# Homemade Table Saw Extensions..



## NorPlan (Nov 24, 2014)

:yes: Picked Up a Table Saw still in "A" One Condition.. Due to our location and space..( No Room for a Workshop / Table Saw is stored in a Backyard Shed). The idea is to build portable add on extenders to the Craftsmen Table Saw.. Also the original Guide or Rip Fence grew legs on the original owner.. According to Sears a replacement fence can nolonger be had.. Hence I'm looking for a good set of building plans for the Table Extenders & Rip Fence..:thumbsup: Cheers Thanks


----------



## ryan50hrl (Jun 30, 2012)

Tables are easy to build....the fence is a bigger issue. A photo of the saw itself would help to determine your best route for a new fence.


----------



## Pirate (Jul 23, 2009)

If you weld or know a welder, here are plans for a Bies, style fence. Not my plans. Just found online somewhere.


----------



## juice3250 (Mar 27, 2014)

You can always make a fence out of wood if you're looking to save some money. I recently built one for my craftsman 70's table saw from wood and it works great. I can send you some more detailed pictures if you like. Here is the thread that I just started with a short video overview of it. 

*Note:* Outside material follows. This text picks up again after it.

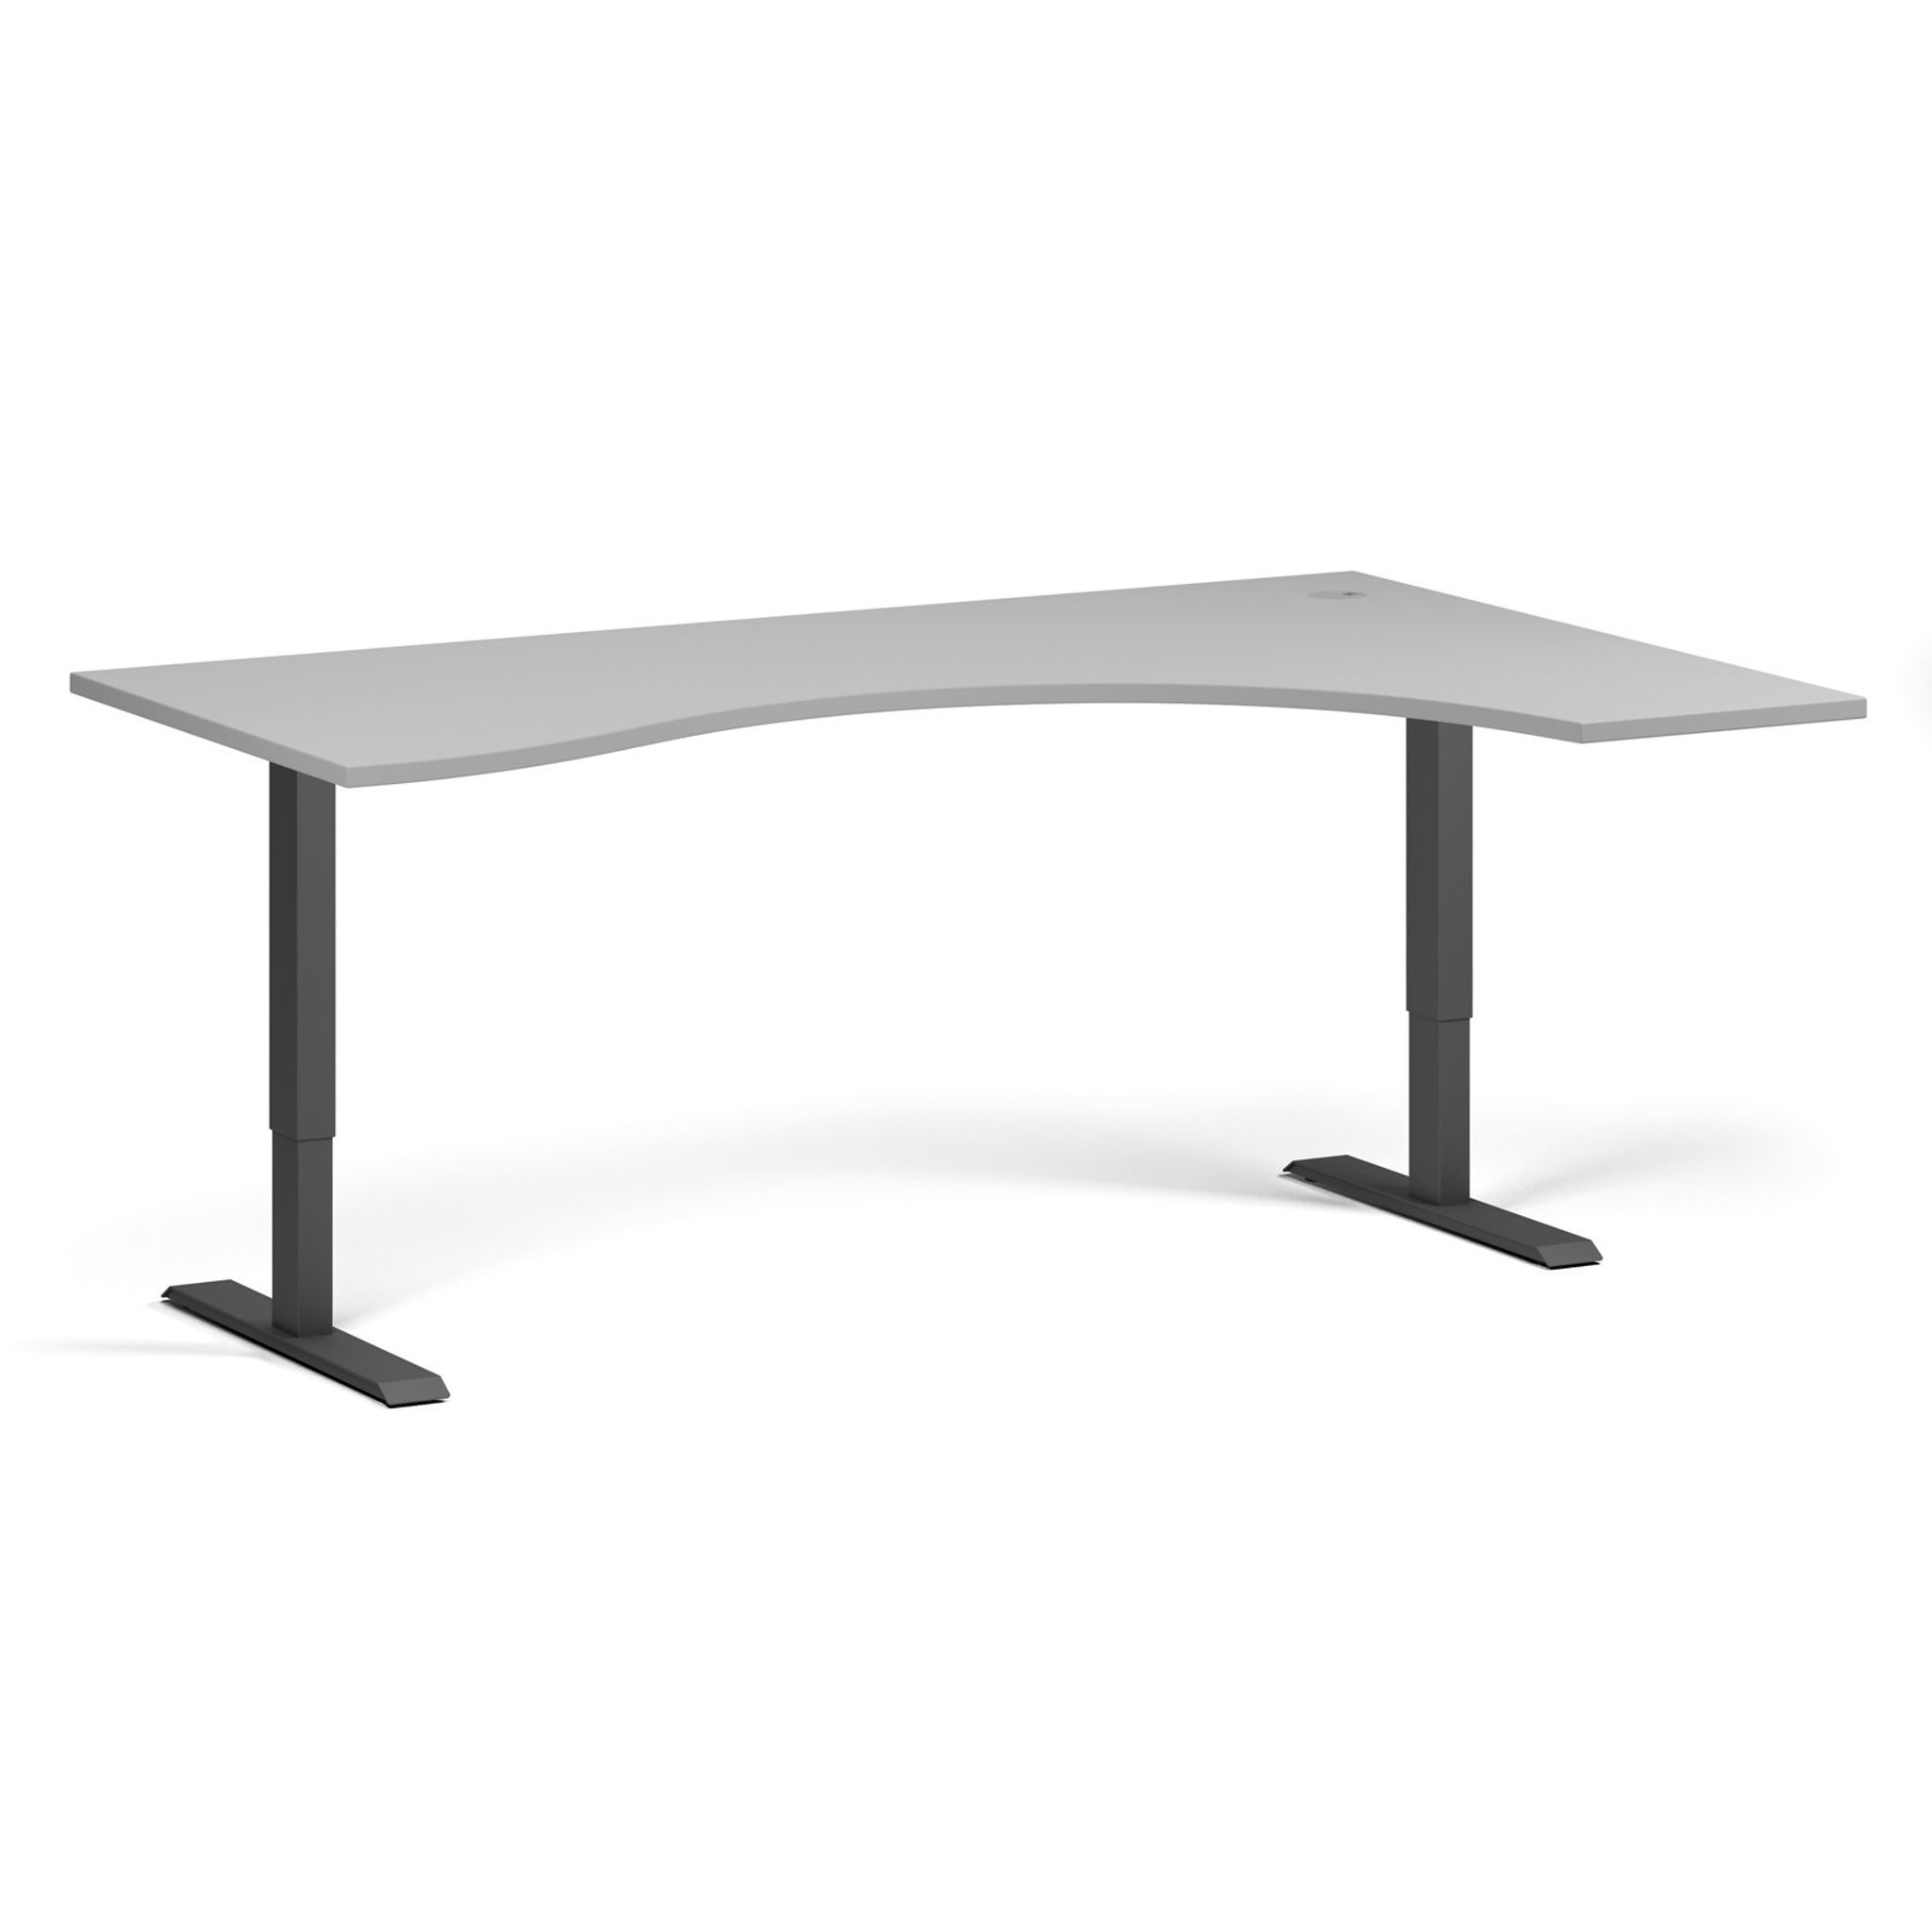 Výškově nastavitelný stůl, 2 motory, 745-1215 mm, ergonomický pravý, deska 1800x1200 mm, černá podnož, šedá

http://www.woodworkingtalk.com/showthread.php?t=69818


----------



## difalkner (Nov 27, 2011)

Make sure you take precautions against rust while it's stored in the shed. Congrats on the score and enjoy your new saw!


----------



## Steve Neul (Sep 2, 2011)

You might keep an eye on ebay for the parts you need. There is always someone selling saw parts. The tables on most brands of saws are 27" long so it is possible you might get some extensions from a different brand saw and mount it on your saw. It would just be a matter of drilling a few holes to bolt it on. I have a couple craftsman table saw extensions mounted on my delta unisaw. Then as far as the fence since most fences are made to clamp to the 27" table it is possible you could fit a different brand fence to your saw as well.


----------